Conducting analyses in other populations is also crucial for assessing the accuracy and broader relevance of a finding. It is possible, for example, that associations between certain disease traits and variants found in European populations that cannot be replicated in other populations are actually false positives. In fact, the analysis of a broader representation of populations can reveal insights that would have otherwise been missed.
A genome-wide scan in a Greenlandic Inuit population, for example, found last year that a single-nucleotide polymorphism (SNP) in a fatty-acid enzyme affects height in both this population and Europeans7. The authors suggest that previous GWAS may have missed this variant because of its low frequency in Europeans (0.017 compared to 0.98 in the Greenlandic Inuit population) — even though it has a much greater effect on height than others previously identified through GWAS.
NEW DIRECTIONS
Increasingly, the sequencing of whole genomes and whole exomes (that is, the complete set of protein-coding genes) are beginning to be used more widely for discovery as costs fall. These may prove more fruitful than GWAS for individual-level diagnosis and treatment. Certainly, they are better suited to revealing rare variations that are clinically informative. (GWAS identify known genetic markers associated with a trait, but not necessarily the mutations that cause the disease.)

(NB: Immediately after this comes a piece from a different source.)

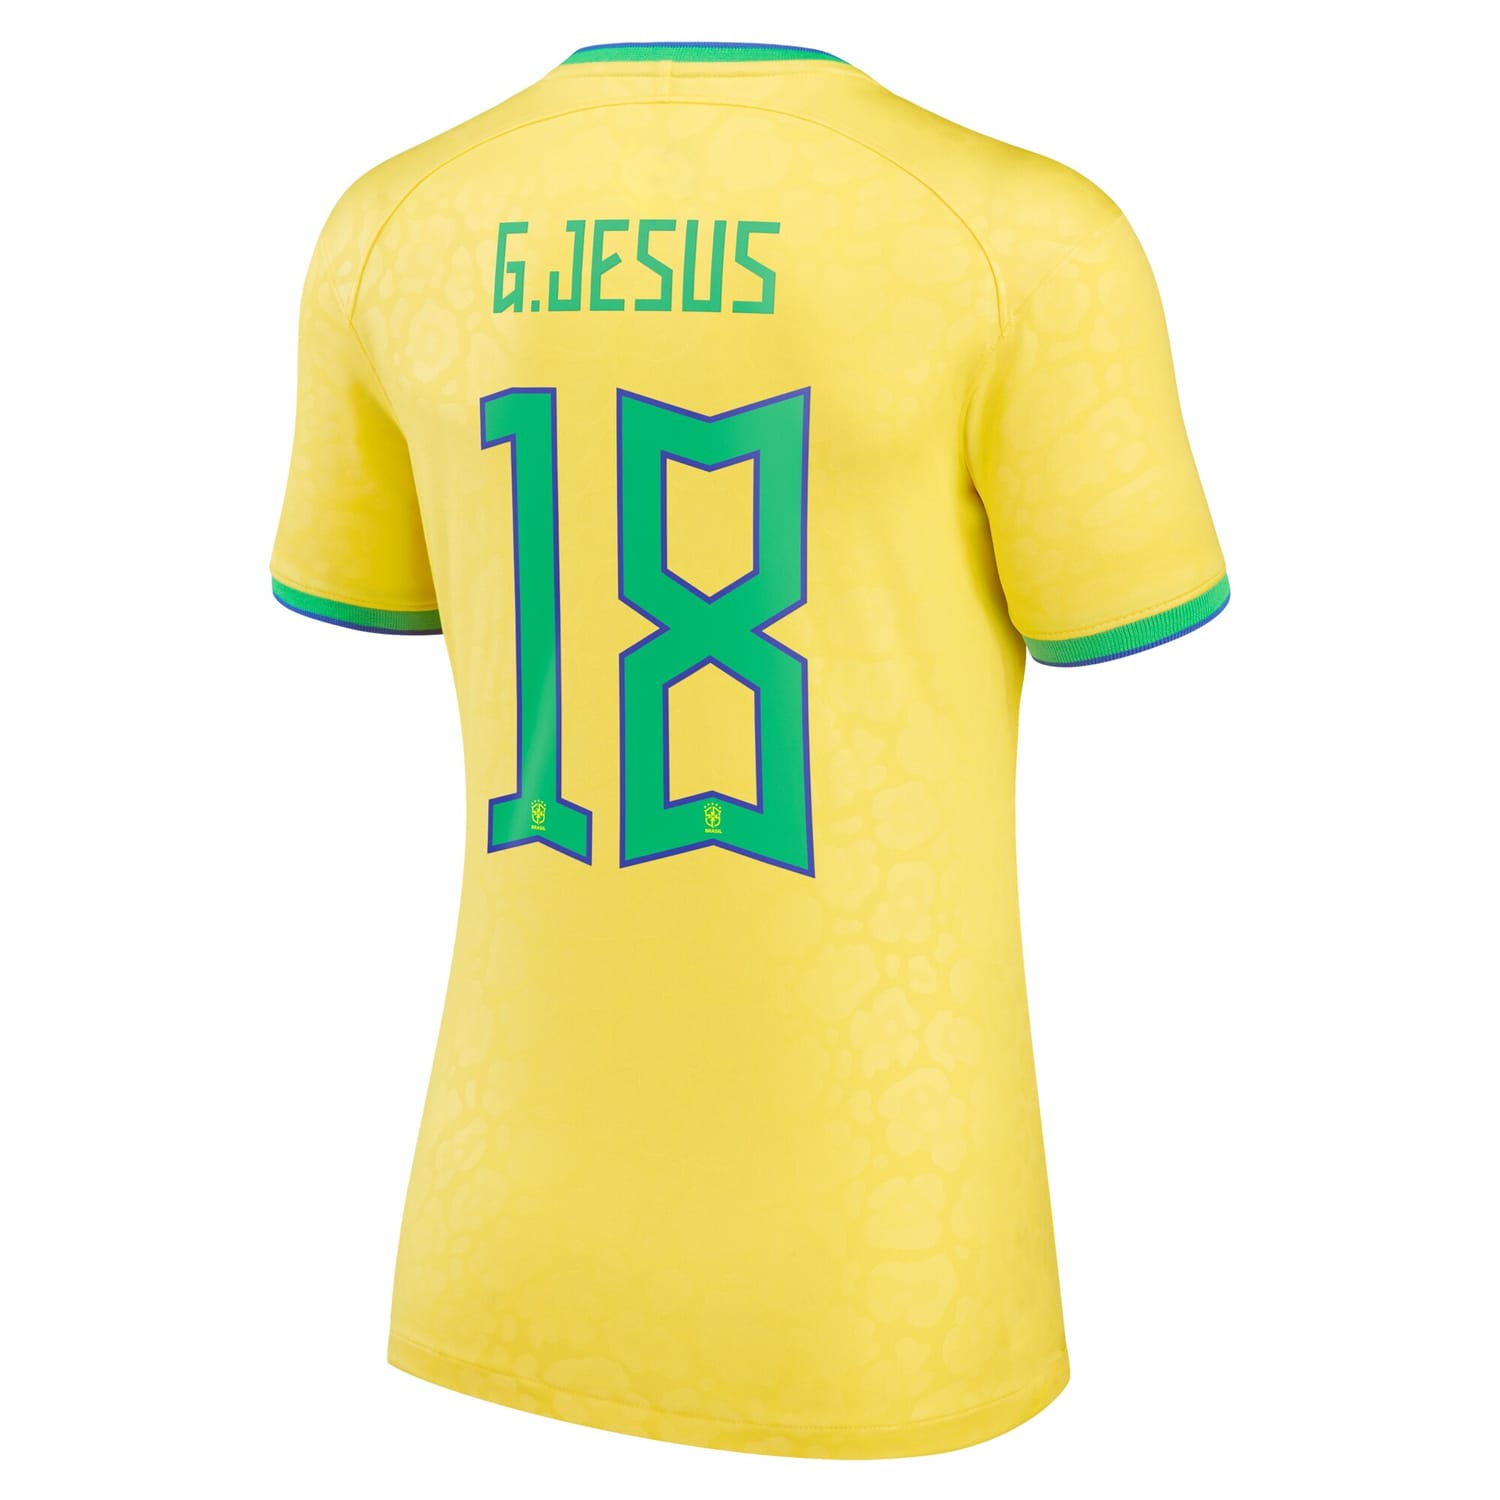 Brazil National Team Home Jersey Shirt Yellow 2022-23 player Gabriel Jesus printing for Women

Studies that use these new approaches have been slightly more successful than GWAS at recruiting a greater diversity of populations. For example, the international Exome Aggregation Consortium hosts data on genetic variants from more than 60,000 samples, of which 8.6% are from people of African ancestry, 9.5% are from people of Latin American ancestry, and 60.4% are from people of European ancestry8 (see page 154). The remaining samples (21.5%) are from south Asia, east Asia and the Middle East. Similarly, the Trans-Omics for Precision Medicine whole-genome sequencing project of the US National Heart, Lung and Blood Institute is growing and currently holds 62,000 samples, of which 50% are from European Americans, 30% are from African Americans, 10% are from Hispanics or Latin Americans, and 8% are from Asians.
Often, large sample sizes are needed to uncover rare genetic variants associated with disease traits. In fact, this realization — from the first generation of exome discovery studies — is driving new interest in ultracheap genotyping arrays (collections of targeted fragments of DNA). Using such arrays, geneticists can speed up the sequencing process and analyse many targeted samples in one go. Exome sequencing combined with the use of genotyping arrays is likely to be the favoured approach over the next decade. Nonetheless, GWAS remains a useful precursor to such studies, as well as to those involving whole-genome sequencing.
And emerging data indicate that inequalities in health care are being exacerbated by findings from whole-exome and -genome sequencing, despite their greater sample diversity compared with GWAS. Patients of African and Asian ancestry are currently more likely than those of European ancestry to receive ambiguous genetic test results after exome sequencing, or be told that they have variants of unknown significance9. Furthermore, patients of African ancestry are more likely than those of European ancestry to be wrongly told that a mutation they carry increases their risk of developing a life-threatening heart condition known as hypertrophic cardiomyopathy10. Had more ethnically diverse controls been included in the candidate-gene studies that identified these associations, population-specific differences in the frequency of presumed disease-causing variants would have revealed a false positive at the outset.
WHAT NOW?
The message being broadcast by the scientific and medical genomics community to the rest of the world is currently a harmful and misleading one: the genomes of European descendants matter the most.
Certain efforts, combined with newer data-gathering initiatives, can help to move the needle in the right direction. Some investigators in genomics focus exclusively on diverse populations. For instance, landmark trans-ethnic studies have identified genes associated with traits such as diabetes, levels of lipids and other metabolites, prostate cancer and gene expression11. Also, various ventures aim to boost genomics studies in under-represented populations worldwide. The Human Heredity and Health in Africa Consortium, for example, was established by the NIH and the Wellcome Trust in London in 2012 to help build infrastructure and genomics expertise across Africa.
In our view, more fundamental changes are needed — both top-down and bottom-up. Funding agencies should develop financial incentives for the creation of diverse cohorts of study participants. One way for them to do this would be to prioritize grant requests that propose investigations in populations of non-European (and especially of African) ancestry. Given limited budgets, this may need to happen hand in hand with a reduction in the funding of research on existing cohorts of European ancestry for traits and diseases that have been relatively well characterized. (Around 850 genetic associations with height have now been reported by roughly 30 independent GWAS — the vast majority of which have been conducted using individuals of European ancestry.)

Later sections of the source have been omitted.